Changing height actually goes pretty quick. What I did is bought a 
few wooden yardsticks that I cut up into short sections to use as 
shims with each one giving me 1/8" of height. I stack 'em as needed.


----------



## mobiledynamics (Nov 21, 2014)

I read past threads and yes, the consensus for alot of ya'll is the paint stick, which a wild guesstimate would be about 1/8 to maybe 3/16. That seems awfully low. I would hate to much up the augers or bucket on this brand new snowblower, but I suppose if you have a perfectly flat surface and not other variable, then the paint stick might be a good marker reference...

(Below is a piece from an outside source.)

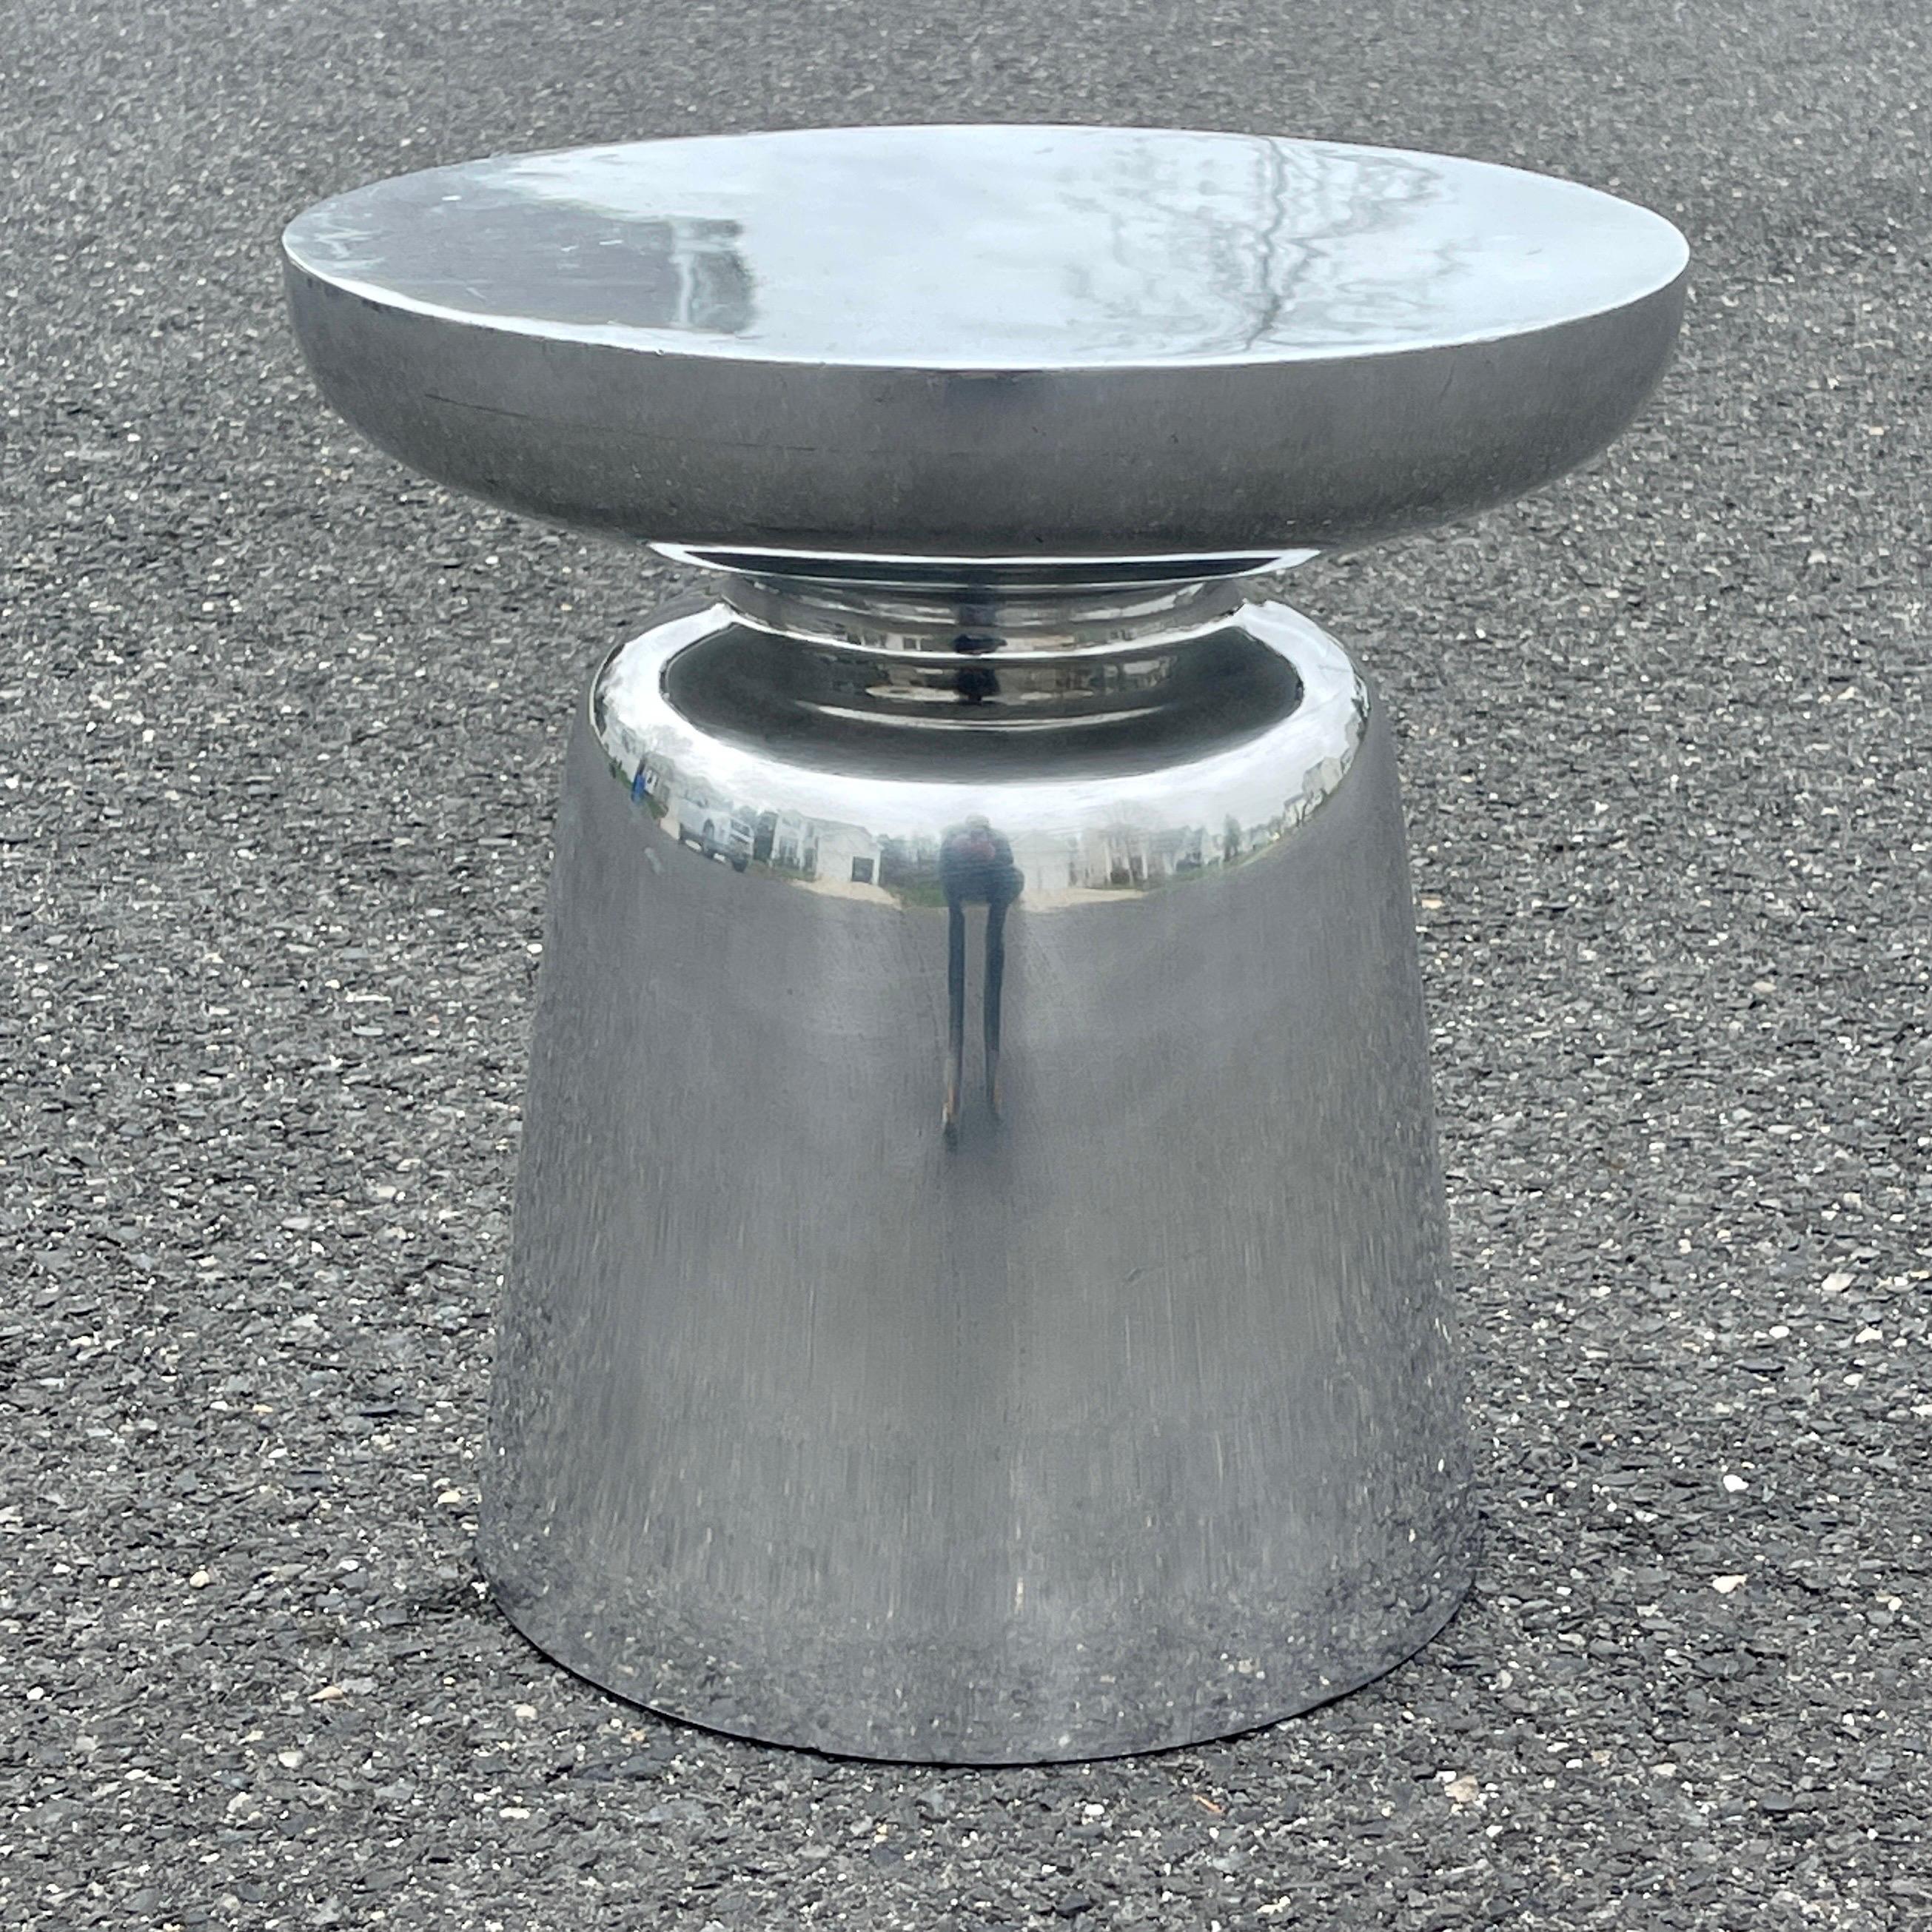 Mid-Century Modern hourglass table or pedestal in thick aluminum plate.
3/16 inch thick aluminum plate with a rough industrial finish.

For the roof snow, I don't even wait till it gets to 2 feet. If it's 12 inch of damp wet snow, and another forecast is coming, I generally get the roof rake and bring the stuff down. 

Hanky, in my Husq. thread, there are pics of the new redesigned armor skids. One end is narrower and the other end is wider, which allows you to choose what profile tip you want on the forward business end.


----------



## Hanky (Nov 14, 2014)

Thanks will check it out. mobiledynamice can you place a link for some of us that could not find it (me) might have to get a set for my 79 year neighbour for his ST224P that I helped him buy as he has a huge grass area he does.


----------



## Sid (Jan 31, 2014)

I have a 400' driveway, which has 3/4" bluestone partway. I set the homemade skids about 1 1/4" so I don't pick up the stone. Most of us wouldn't clean the snow on a driveway if it weren't at least 3 or 4 ". Unless we had a hot new blower.
Sid


----------



## mobiledynamics (Nov 21, 2014)

here's a pic. One slight thing that might throw you off...the bottom, I wrapped in poly. The profile of the skid should show


Narrow Profile for crete, blacktop, etc.
Wide profile for the latter.


----------



## knu2xs (Jan 6, 2015)

mobiledynamics said:


> I read past threads and yes, the consensus for alot of ya'll is the paint stick, which a wild guesstimate would be about 1/8 to maybe 3/16. That seems awfully low. I would hate to much up the augers or bucket on this brand new snowblower, but I suppose if you have a perfectly flat surface and not other variable, then the paint stick might be a good marker reference...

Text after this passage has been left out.